Dataset extract:
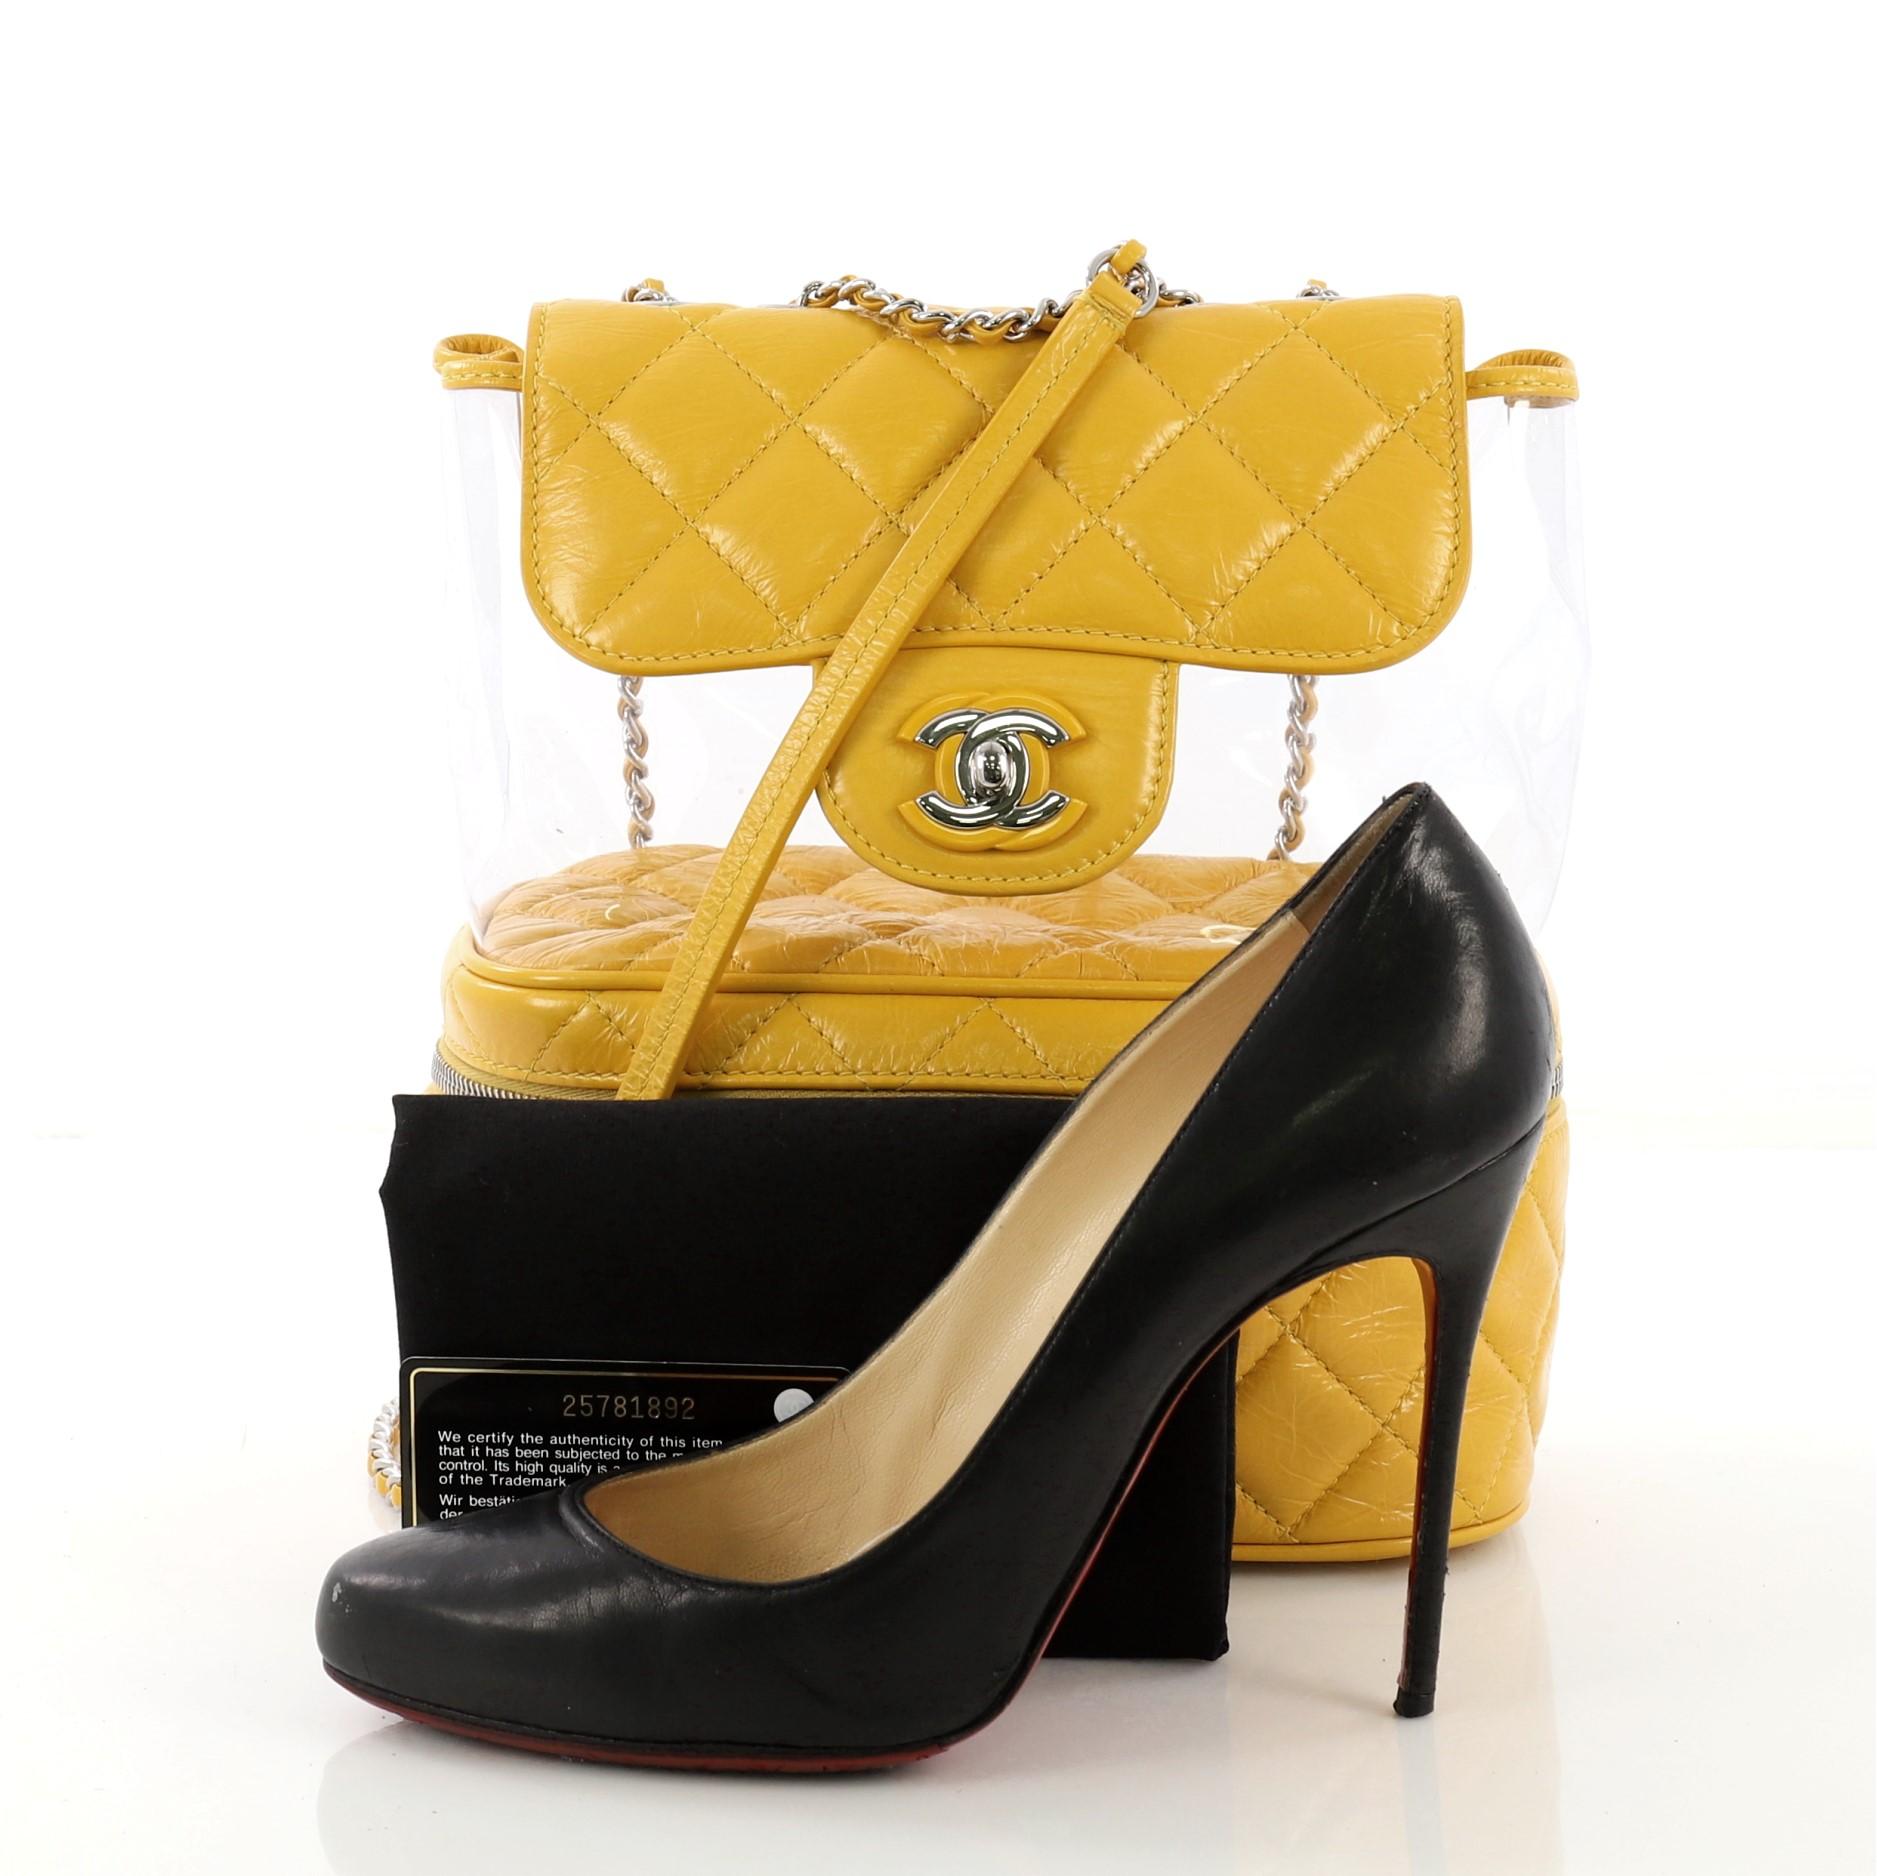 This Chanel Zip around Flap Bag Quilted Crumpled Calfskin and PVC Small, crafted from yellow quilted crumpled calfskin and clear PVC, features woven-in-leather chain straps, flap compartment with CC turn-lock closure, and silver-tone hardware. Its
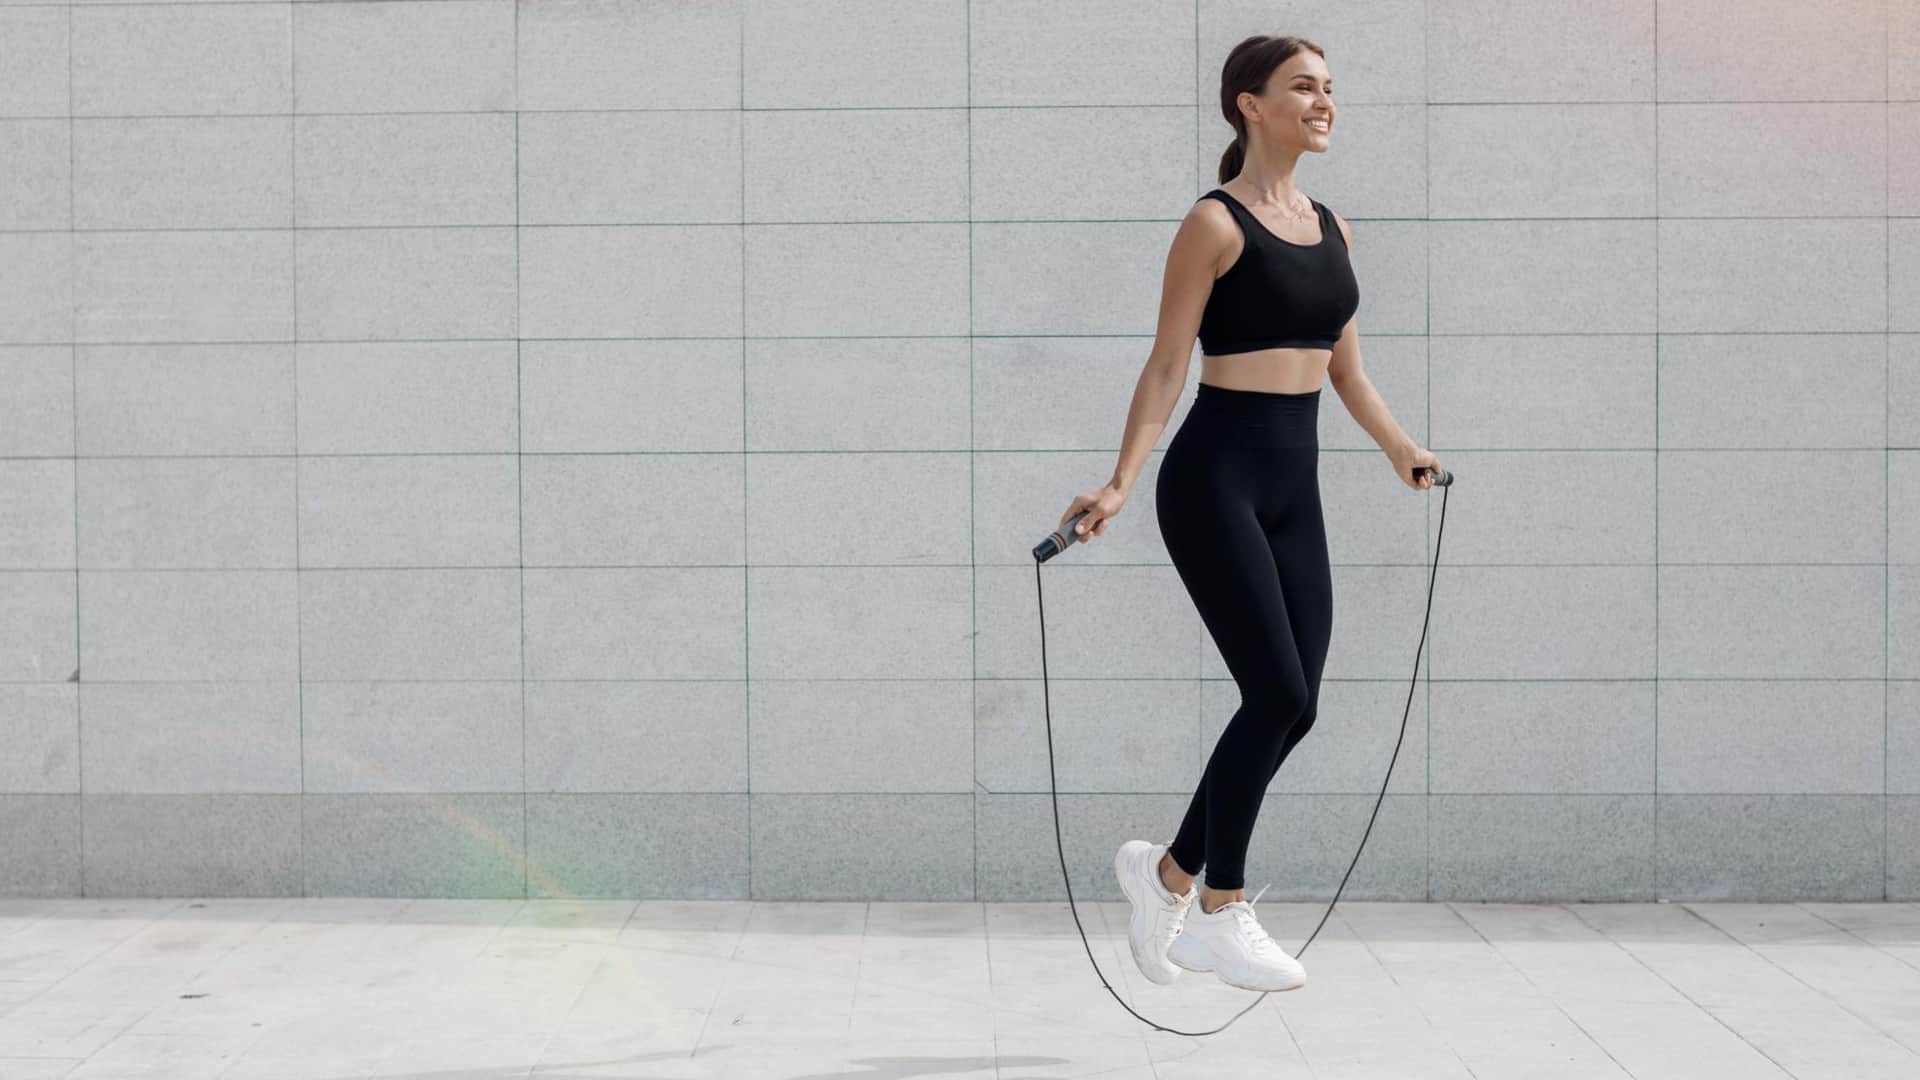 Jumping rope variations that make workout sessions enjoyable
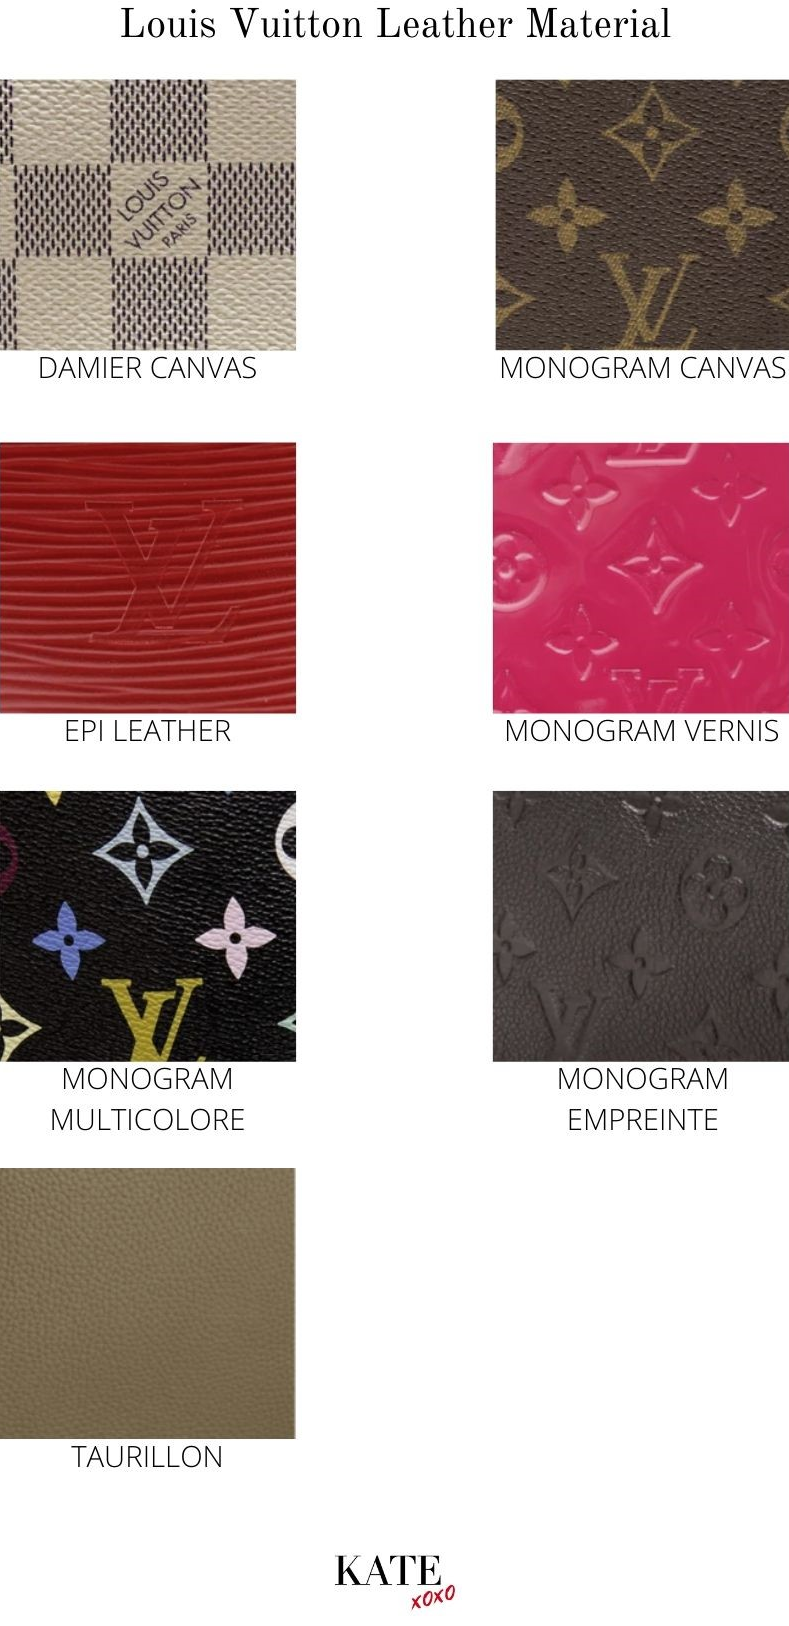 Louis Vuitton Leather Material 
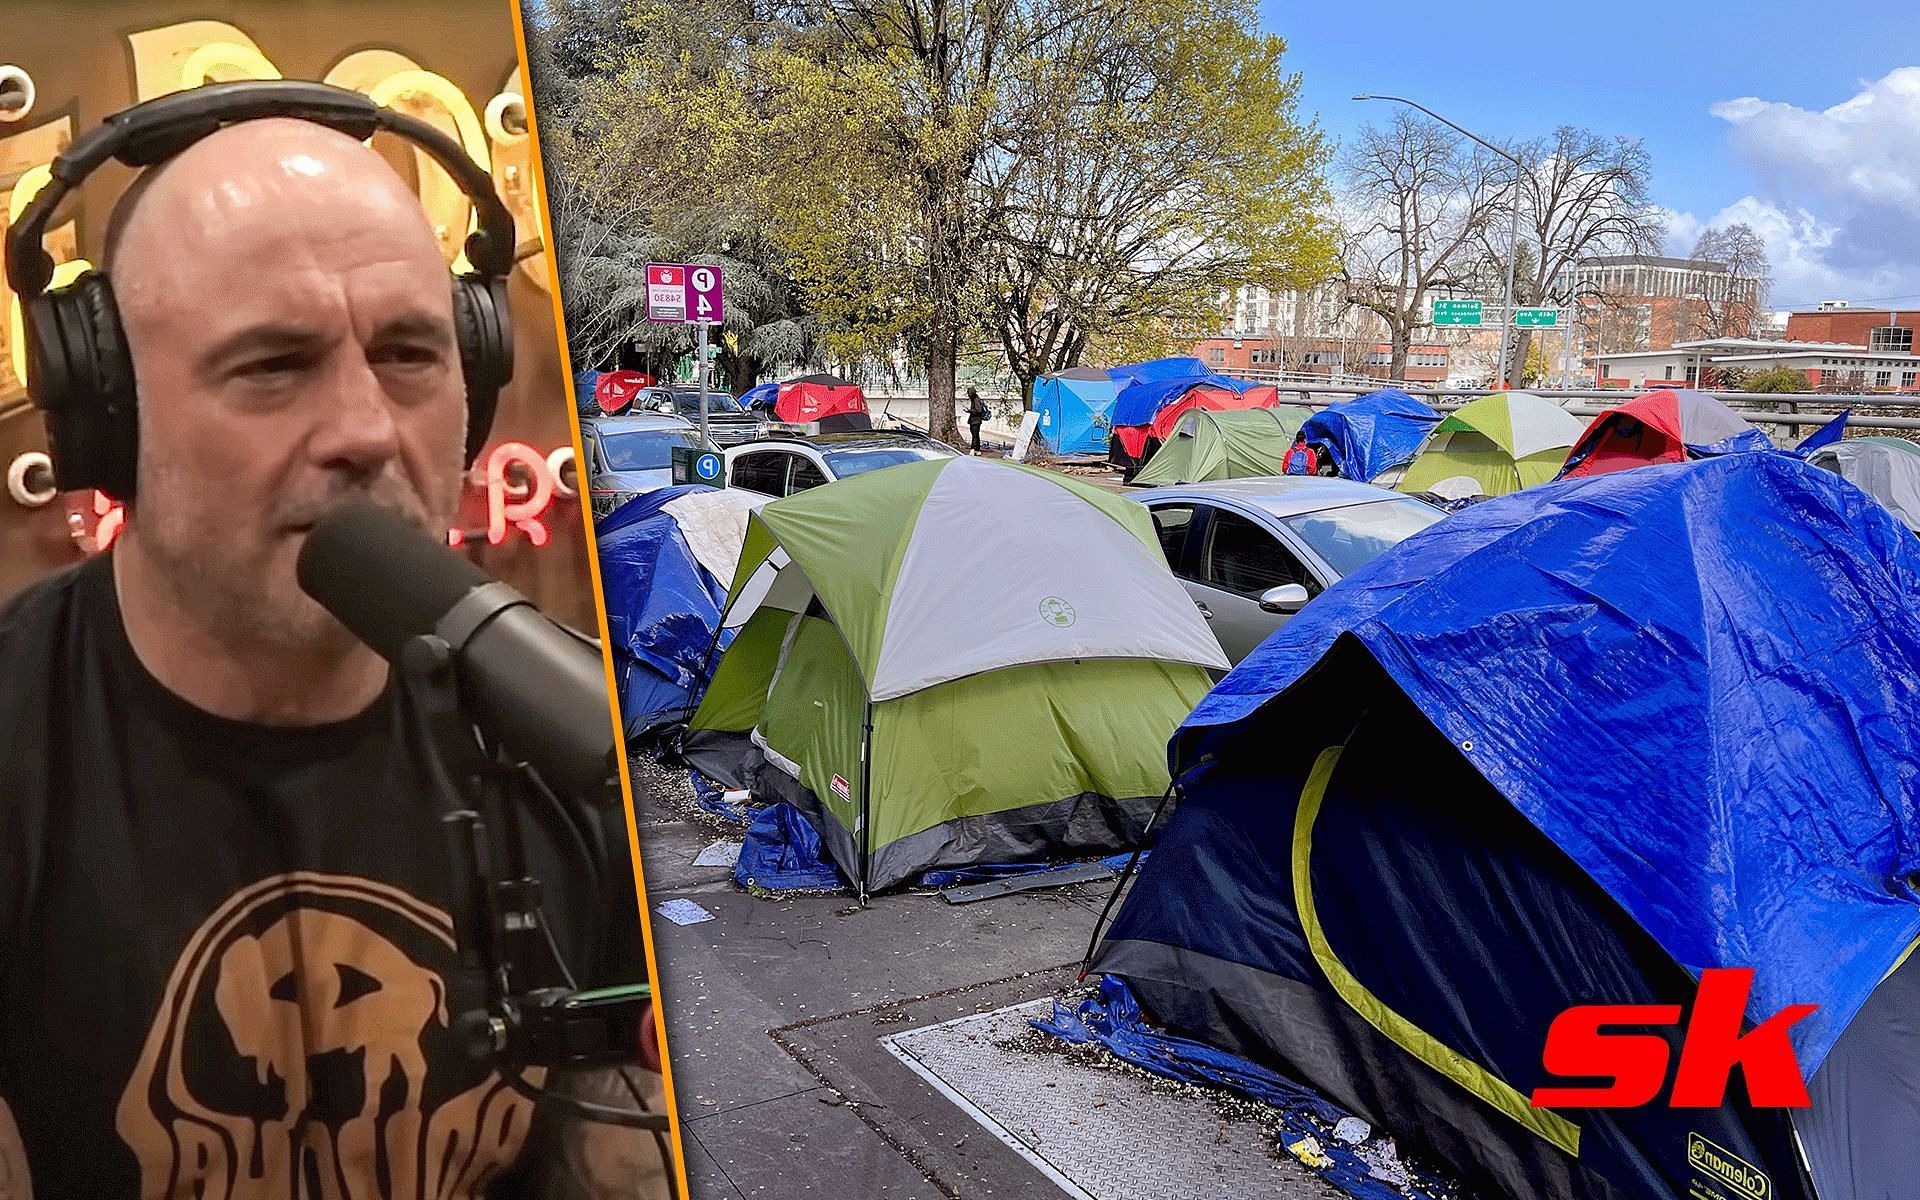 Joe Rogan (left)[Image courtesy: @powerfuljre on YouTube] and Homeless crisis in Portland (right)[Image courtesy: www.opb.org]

Problem details:
All of the data is to be reproduced exactly, with the pictures left out.

Solution for this exercise:
 This Chanel Zip around Flap Bag Quilted Crumpled Calfskin and PVC Small, crafted from yellow quilted crumpled calfskin and clear PVC, features woven-in-leather chain straps, flap compartment with CC turn-lock closure, and silver-tone hardware. Its
 Jumping rope variations that make workout sessions enjoyable
 Louis Vuitton Leather Material 
 Joe Rogan (left)[Image courtesy: @powerfuljre on YouTube] and Homeless crisis in Portland (right)[Image courtesy: www.opb.org]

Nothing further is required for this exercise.